*** Opening TASK INPUTS ***

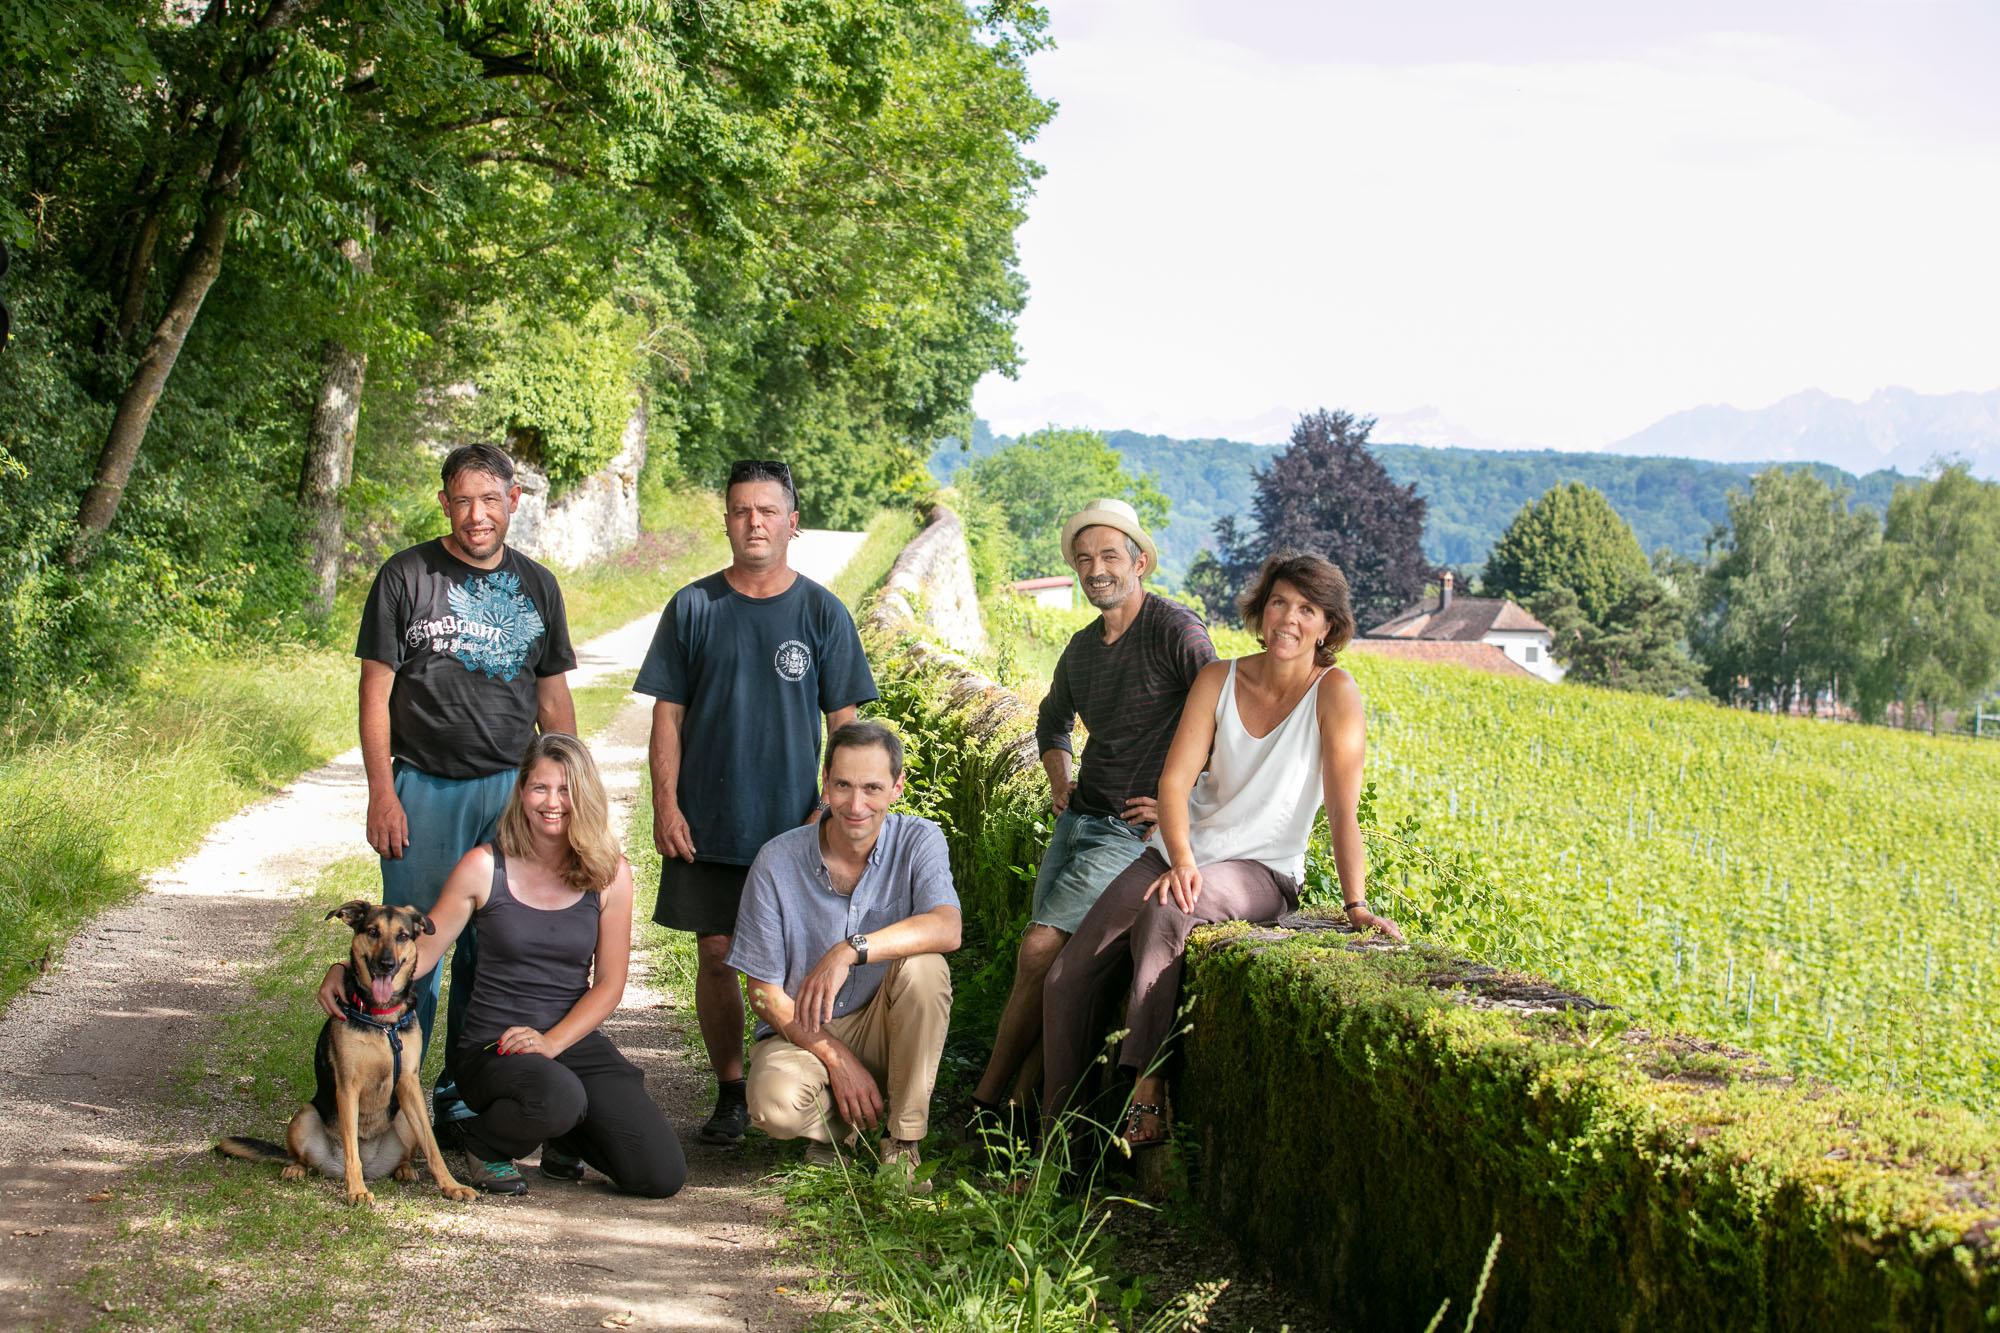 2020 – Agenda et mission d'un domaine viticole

*** Closing TASK INPUTS ***
*** Opening TASK INPUTS ***

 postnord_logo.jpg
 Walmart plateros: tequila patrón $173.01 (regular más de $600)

*** Closing TASK INPUTS ***

[EXERCISE BRIEF]:
Within the material above, extract exactly the lines that start at the line containing "postnord_logo.jpg" and stop after the line containing "Walmart plateros: tequila", and only those.

[EXERCISE RESULT]:
 postnord_logo.jpg
 Walmart plateros: tequila patrón $173.01 (regular más de $600)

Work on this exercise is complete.